Project description:Hong2004 - Genome-scale metabolic network of
Mannheimia succiniciproducens (iSH335)
This model is described in the article:
The genome sequence of the
capnophilic rumen bacterium Mannheimia succiniciproducens.
Hong SH, Kim JS, Lee SY, In YH, Choi
SS, Rih JK, Kim CH, Jeong H, Hur CG, Kim JJ.

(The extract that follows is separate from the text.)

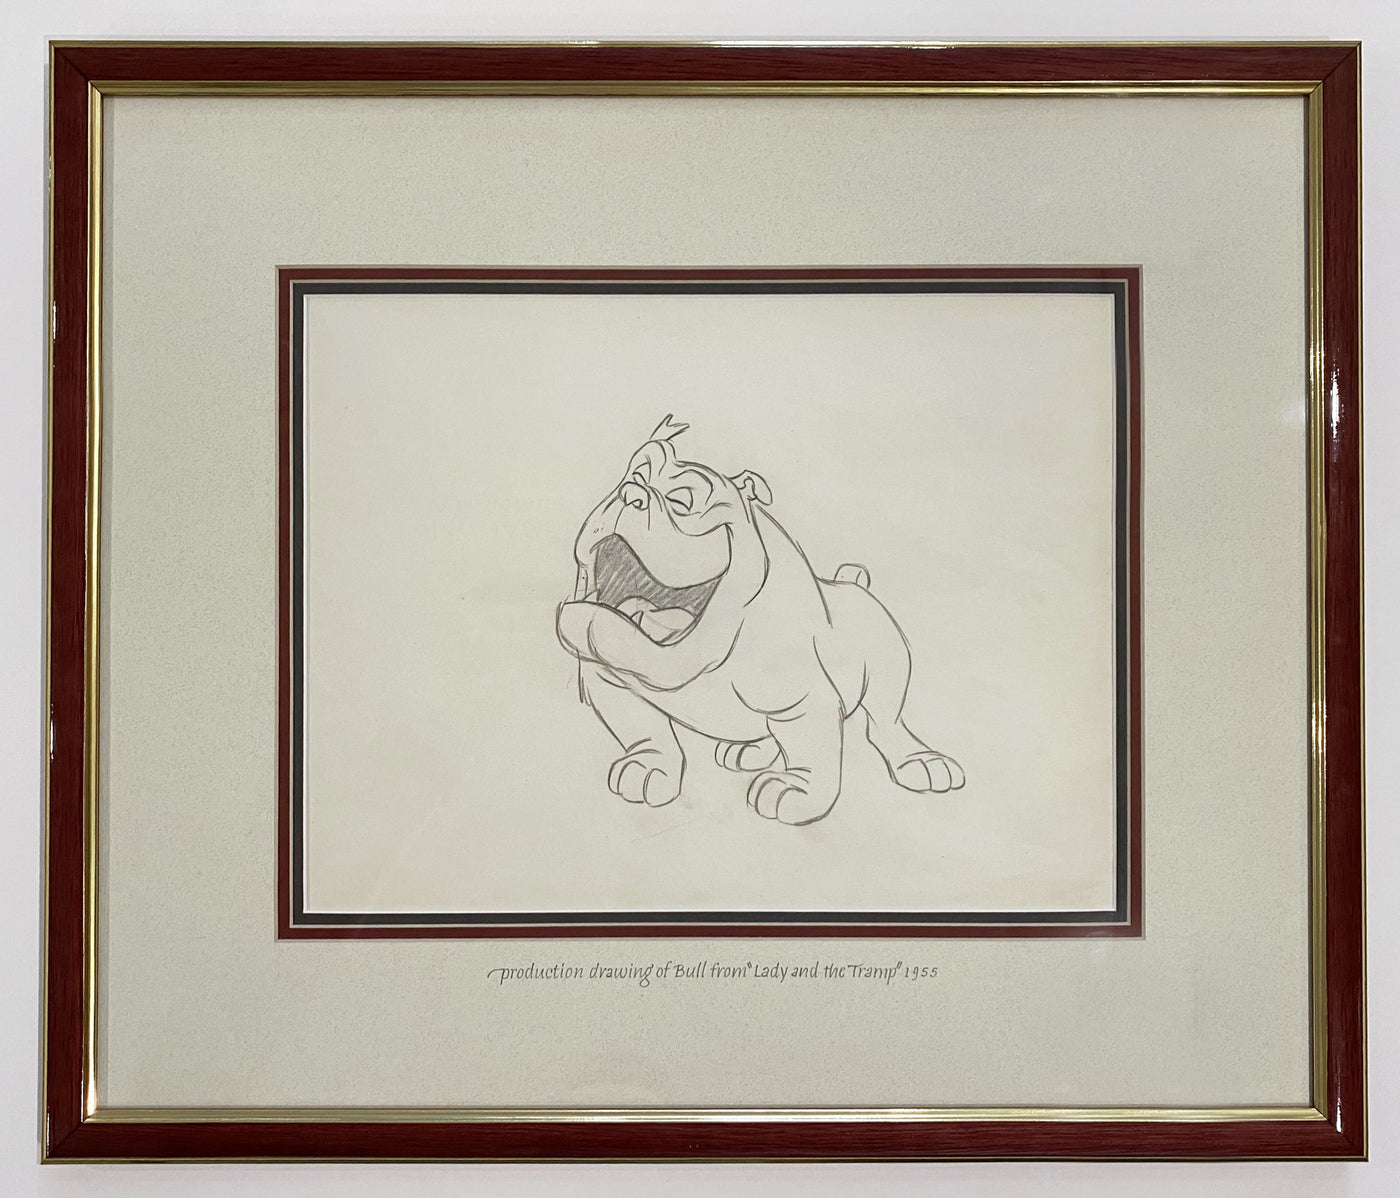 Original Walt Disney Production Drawing of Bull from Lady and the Tramp
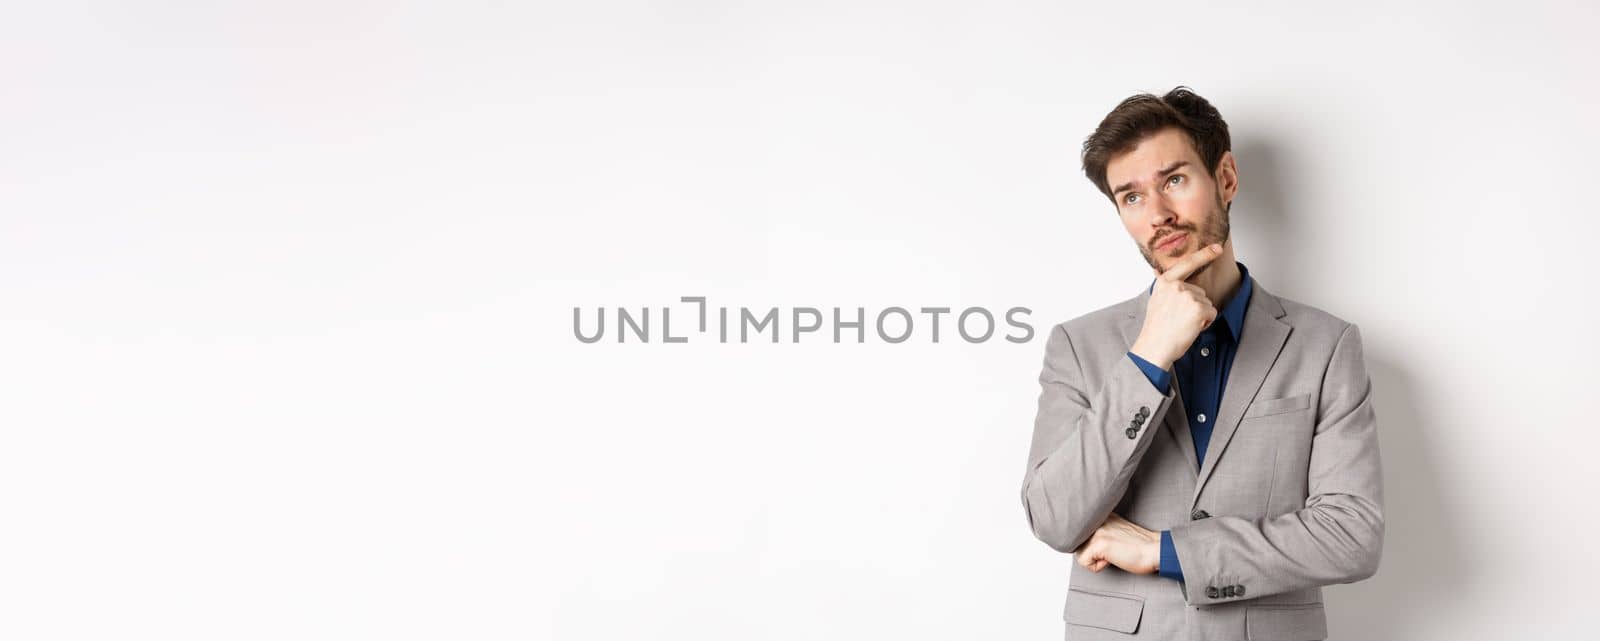 Thoughtful businessman in grey suit look at upper left corner logo, thinking or making choice, pondering plan, standing against white background.

Nat. Biotechnol. 2004 Oct; 22(10):
1275-1281
Abstract:
The rumen represents the first section of a ruminant
animal's stomach, where feed is collected and mixed with
microorganisms for initial digestion. The major gas produced in
the rumen is CO(2) (65.5 mol%), yet the metabolic
characteristics of capnophilic (CO(2)-loving) microorganisms
are not well understood. Here we report the 2,314,078 base pair
genome sequence of Mannheimia succiniciproducens MBEL55E, a
recently isolated capnophilic Gram-negative bacterium from
bovine rumen, and analyze its genome contents and metabolic
characteristics. The metabolism of M. succiniciproducens was
found to be well adapted to the oxygen-free rumen by using
fumarate as a major electron acceptor. Genome-scale metabolic
flux analysis indicated that CO(2) is important for the
carboxylation of phosphoenolpyruvate to oxaloacetate, which is
converted to succinic acid by the reductive tricarboxylic acid
cycle and menaquinone systems. This characteristic metabolism
allows highly efficient production of succinic acid, an
important four-carbon industrial chemical.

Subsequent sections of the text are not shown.